How Your Business Can Satisfying the Current Need for Content

Helping Your Business by Helping Others Understand the CoVID-19 Impact

The world, including your customers, prospects, and investors have become hyper-needy for information. Many businesses have slowed or are doing what they can from remote offices, their contact with the thoughts of others is much lower than it had been. At the same time, their wanting to understand is high. One way you can firm your relationships with those you most want to continue to engage when this is over is through filling their need for content.

Here are three thoughts for finding the best topics to develop meaningful content and build readership that will want what you offer them next time.

Meaningful

Your readers don’t need to be told what they just heard or read at a news source with journalists and deep resources. What they can benefit from is that information distilled through the lens of your expertise. Before writing on a topic, ask:

  1. Who am I trying to inform?
  2. What do they already know?
  3. What piece, using my in-house expertise or knowledge, makes what they know more pertinent?

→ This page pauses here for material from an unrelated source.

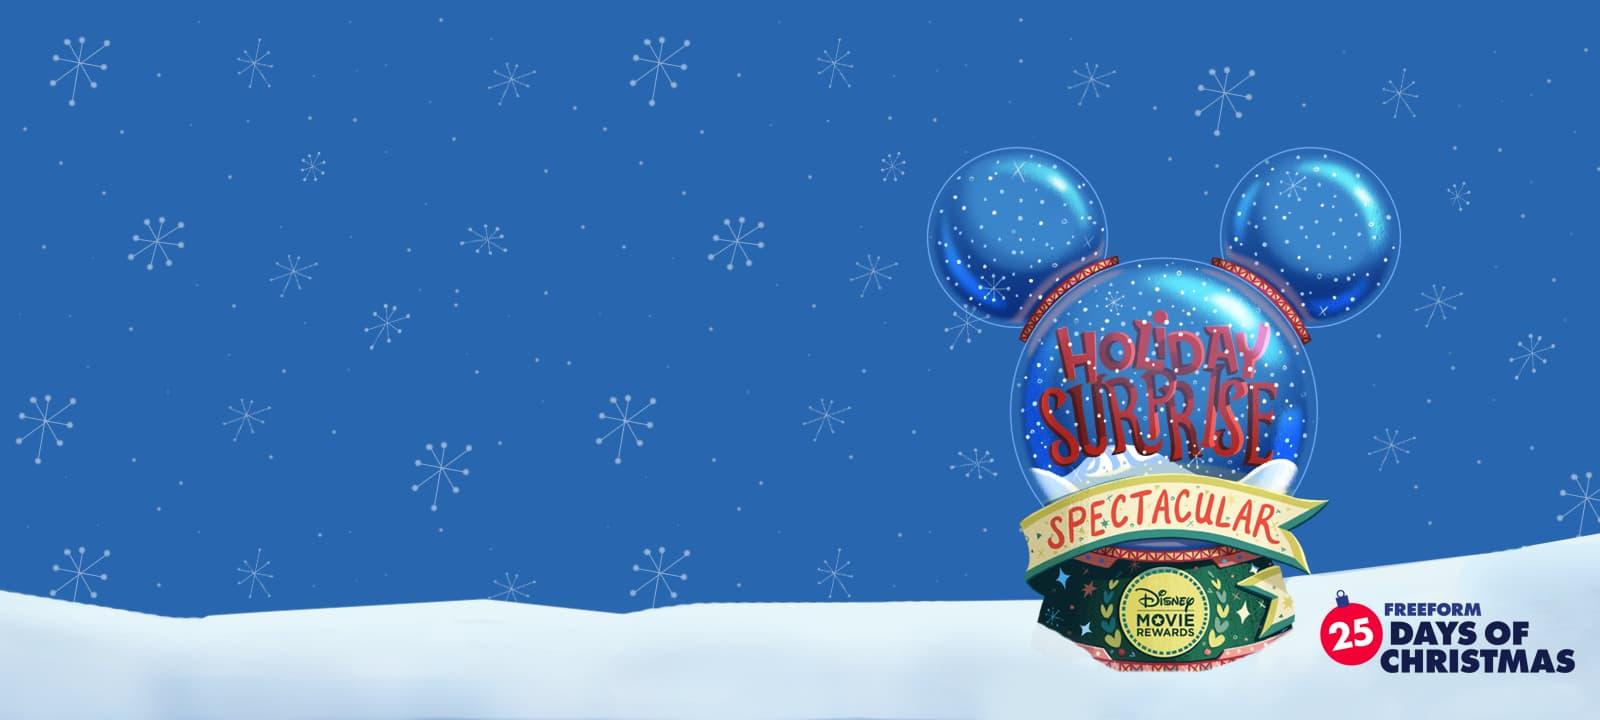 Freeform 25 Days of Christmas   Santa's Sweepstakes

Then proceed in writing from the angle of how what is going on impacts or is impacted by a piece the journalist would not have covered. Your business has its own niche. There is no reason to wander far from that niche to attract who you want to.

Brevity

If you’re writing about the Novel Coronavirus and you are certain 99.99% of your audience doesn’t need an explanation what it is, don’t spend a paragraph defining the situation. Ten years from now someone may come across your content and benefit from the explanation, today’s readers are who you are writing for.

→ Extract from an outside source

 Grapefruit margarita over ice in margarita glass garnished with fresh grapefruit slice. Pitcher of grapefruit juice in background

Keep in mind the person reading your blog post, article, or email update wants to skip to the meat. Readers aren’t returning to you because you give them the obvious, they are there because you are provide uncommon insight.

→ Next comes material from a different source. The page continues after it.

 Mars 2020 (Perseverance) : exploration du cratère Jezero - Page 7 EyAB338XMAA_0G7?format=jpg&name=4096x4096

Brevity, as used here does not necessarily mean brief. if you can go beyond what is readily available. If you have particular expertise in an area that is not otherwise being covered, make that information known. Just be as concise as possible, no one has time to waste on “common knowledge.”

Take-Away

Self-promotion during times of national crisis is a turn-off to readers. However, strengthening your relationship with certain people is important to your company. If the piece is useful and holds your firm out as having expertise in the subject, if the reader develops a hunger for something else from your company, you’ve satisfied your content goal. Don’t ruin it by trying to “close the deal.” At the end of your posting, remind them what they need to remember about what they read. This shows you care that they have understood the salient points. 

Developing or firming relationships with those that may have never heard of your company is easier when we’re surrounded by turmoil. The bright side of turmoil is it provides opportunities to “meet” those that may not have heard of your business before. During periods of “business as usual” your target is doing what they usually do and not looking beyond that. This difficult business period we are all pushing through. As readers get to know you better through content, being genuine in helping fill a void and connecting what is going on a different, useful way, will cause them to open their door to you later on.